My views political are fairly firmly rooted in liberalism/socialism but I currently consider myself frugal. I would prefer to be working for the government but I could definitely work in the private sector if it was something I truly enjoyed and had decent people for bosses and coworkers and that

Let me know if you have any advice, experiences to share, a good source of info, or a psych test implementing careers.

Thank you for your time,
canadianbacon


----------



## LostTheMarbles (Mar 4, 2012)

INTP and INFP are both very different types and would suit totally different careers, it might be worth deciding which type you fit better (On a function level, not a MBTI % level), the same with Introvert and Extrovert.

Do something you enjoy, something you're passionate about, you spend so much time in work, only you can know what you're going to enjoy doing, maybe try listing your priorities and seeing what meets them.


----------



## WinterFox (Sep 19, 2013)

Why not do journalism?

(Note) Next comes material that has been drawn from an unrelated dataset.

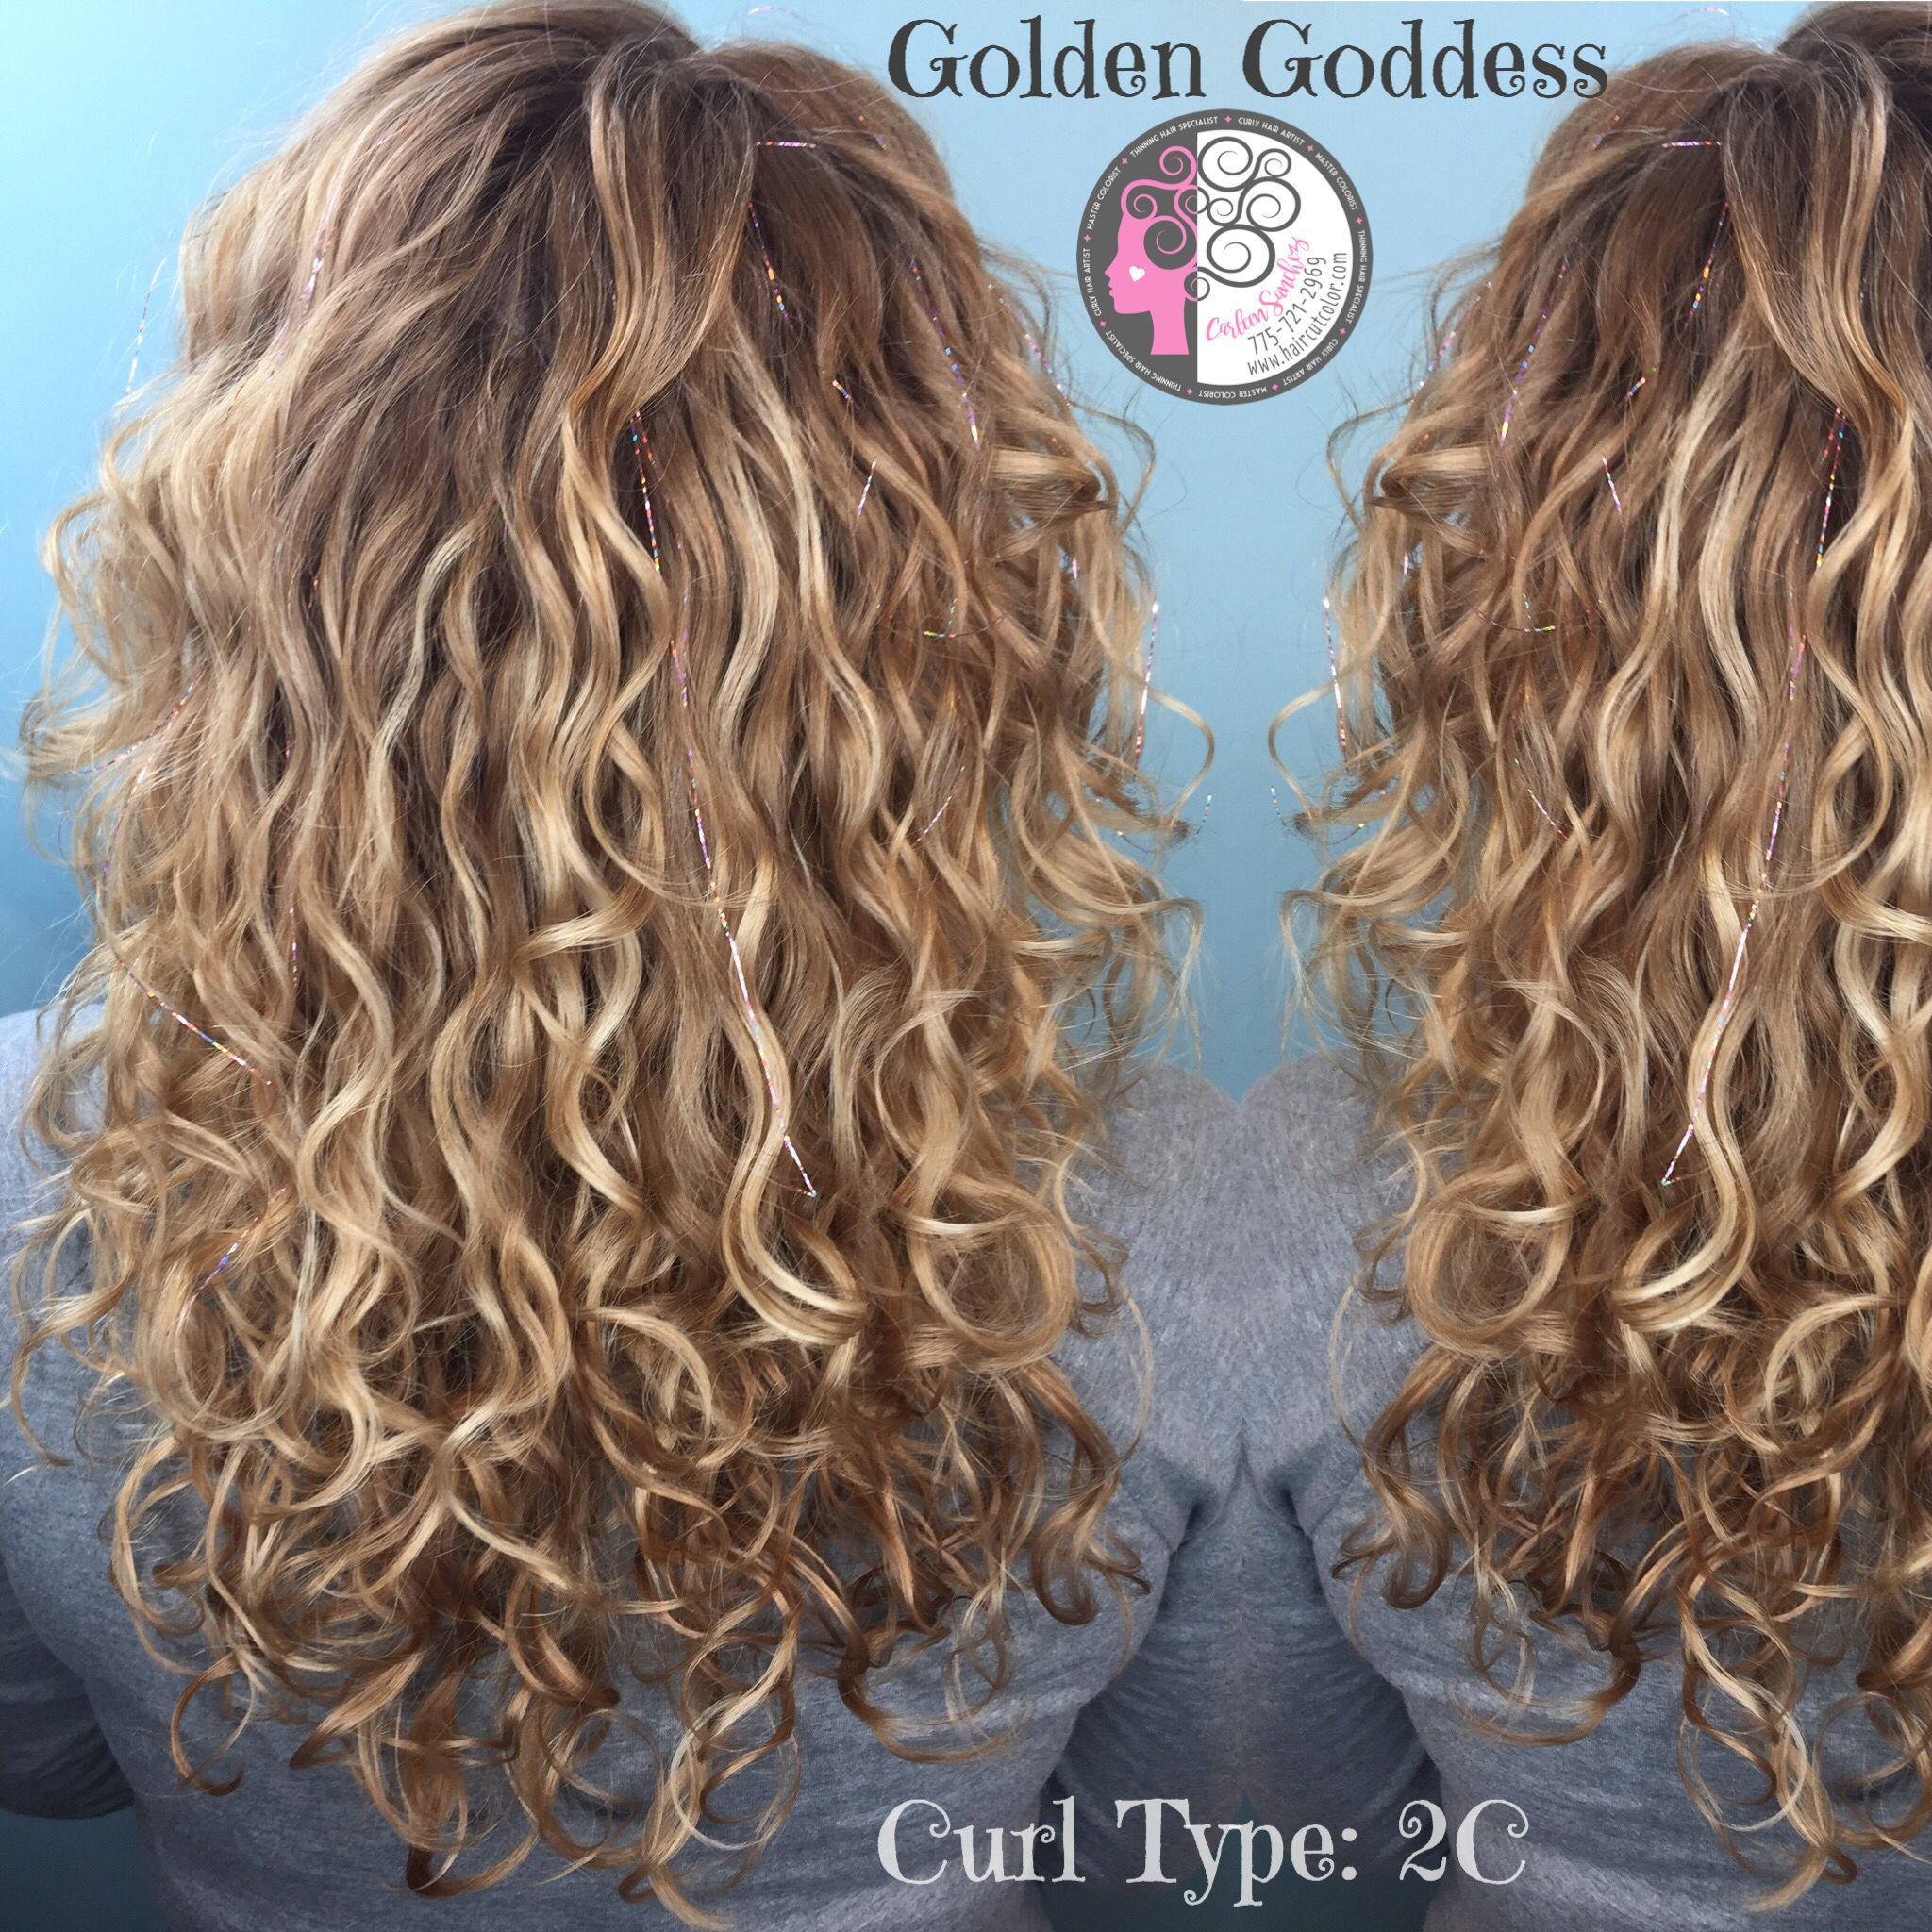 Naturally Curly Balayage Highlights Blond Hair By Carleen Sanchez Nevada S Curl Expert 7 Highlights Curly Hair Blonde Highlights Curly Hair Curly Balayage Hair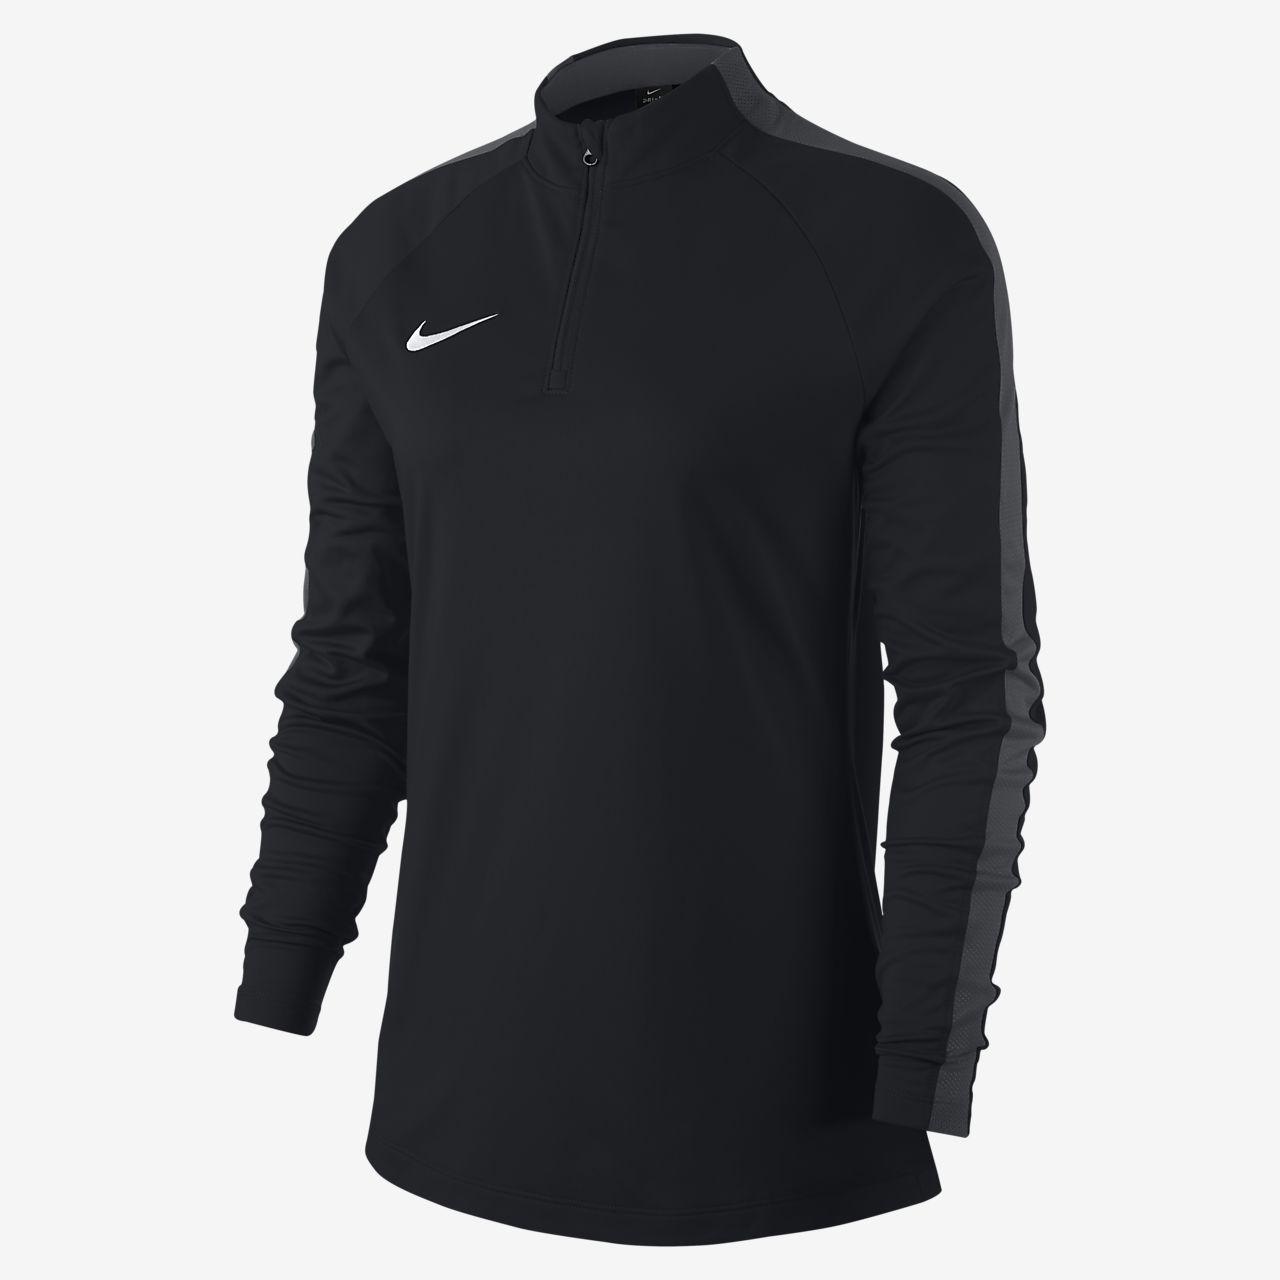 Nike Dri-FIT Academy Drill hosszú ujjú női futballfelső

I think you will make a good journalist. 

And I agree with the person above me, do something that you enjoy, always follow your heart, your heart will never lead you the wrong way. There are certain times when we need to follow our brain, but when it comes to important decisions such as career decisions and marriage decisions etc, we need to follow our heart in these decisions.


----------



## Blazy (Oct 30, 2010)

I got a lot of "experts" tell me that ESTP is suited for careers that are action-oriented and provide immediate results. Some of these examples are jobs like firefighter, paramedic, law enforcement, sales, marketing, some analyst positions, etc. I started out with Computer science for the pay and prospects, then I realized how much I find coding boring and switched to business and graduated with a B.A. Business Economics. Then I got an advice from a friend to apply for law enforcement. After 7 years I'm here enjoying my job receiving hate from people and almost meeting my death during every SWAT situation.  MBTI and career choices have a strong correlation, at least in my case.

I read that journalism is very stressful with very low pay. Just a heads up.


----------